▶ **ASSIGNMENT**
Return the data exactly, without pictures.

▶ **STORED DATA**
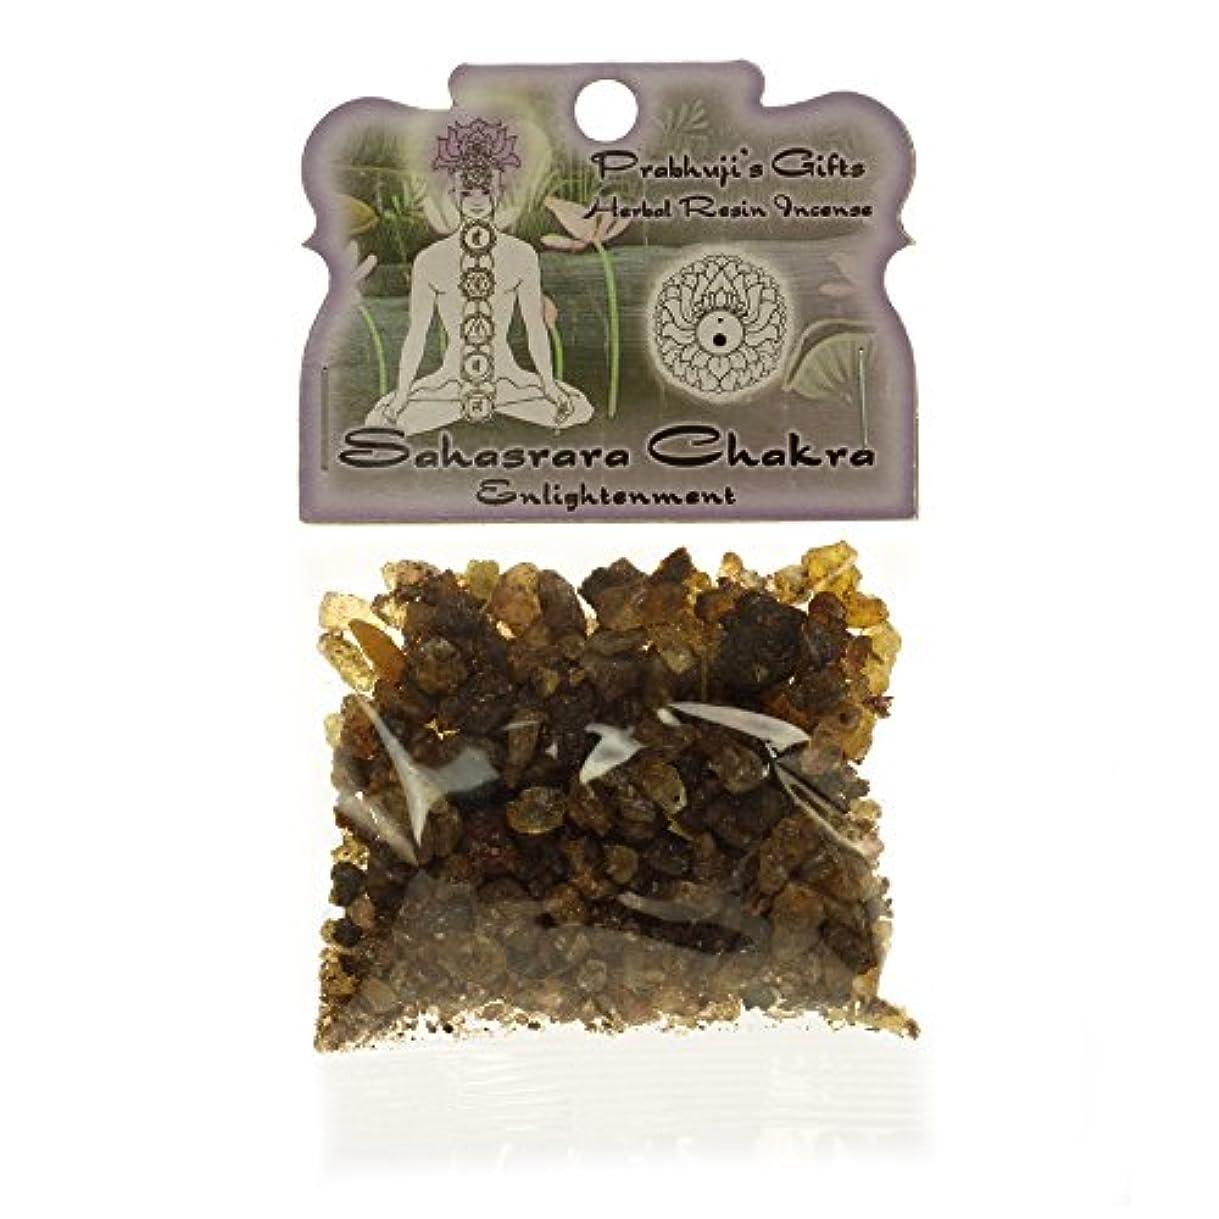 満州猟犬首謀者樹脂Incense Crown Chakra Sahasrara – Enlightenment – 1.2ozバッグ
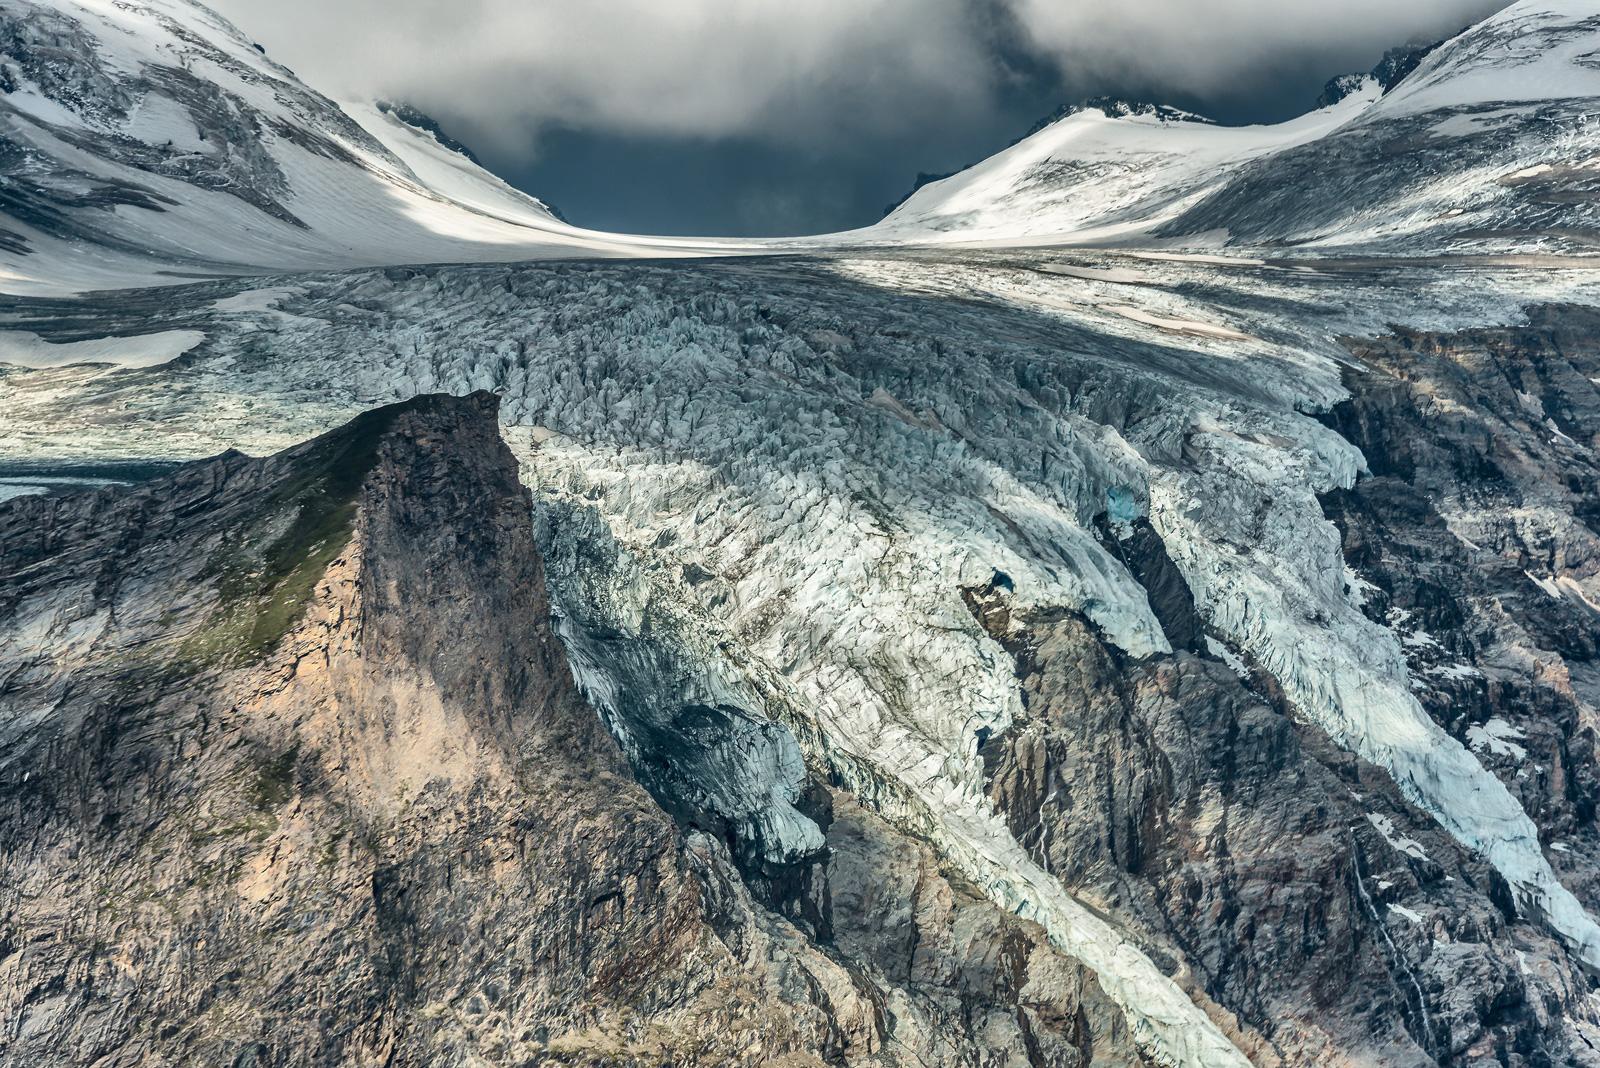 Gefährdetes Naturwunder: Der Pasterze-Gletscher am Großglockner
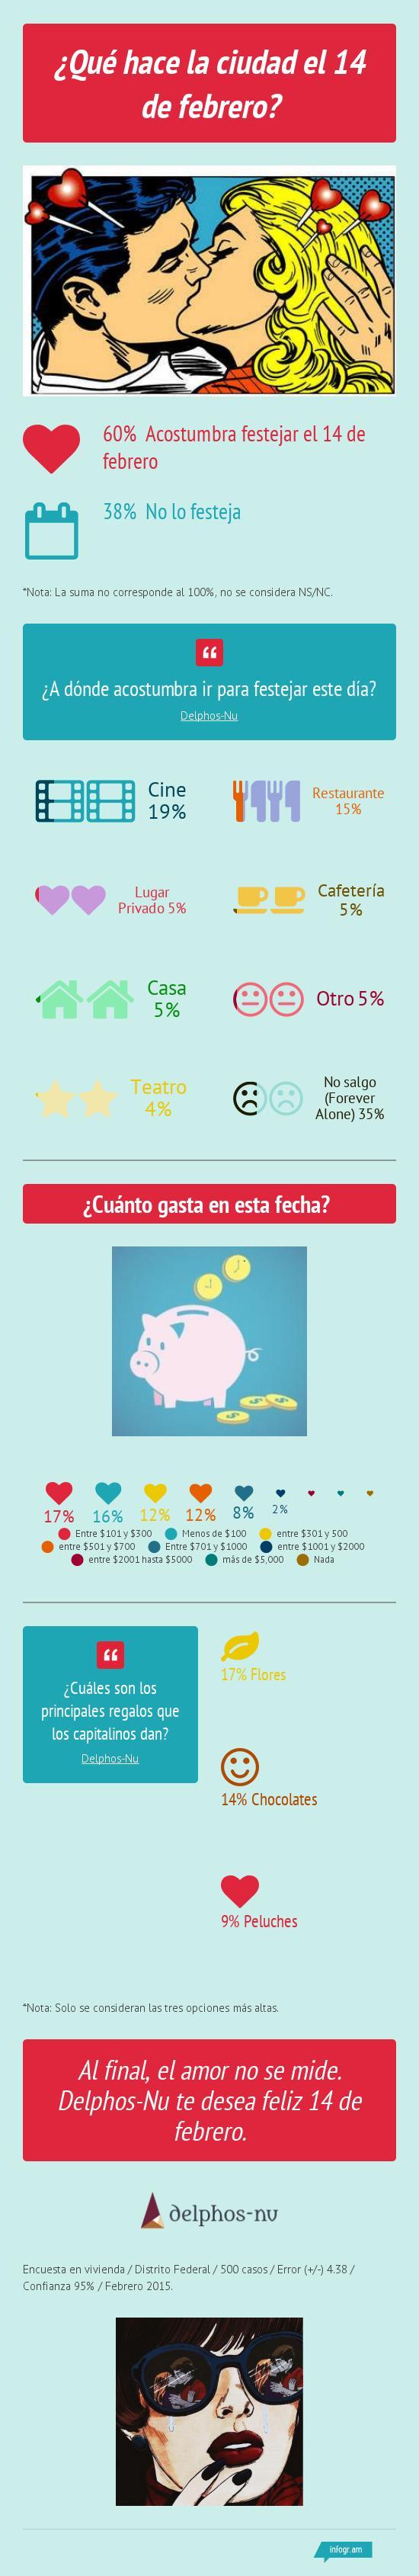 En_que_gastan_los_capitalinos_el_14_de_febrero (2)

▶ **WRITTEN ANSWER**
 満州猟犬首謀者樹脂Incense Crown Chakra Sahasrara – Enlightenment – 1.2ozバッグ
 Gefährdetes Naturwunder: Der Pasterze-Gletscher am Großglockner
 En_que_gastan_los_capitalinos_el_14_de_febrero (2)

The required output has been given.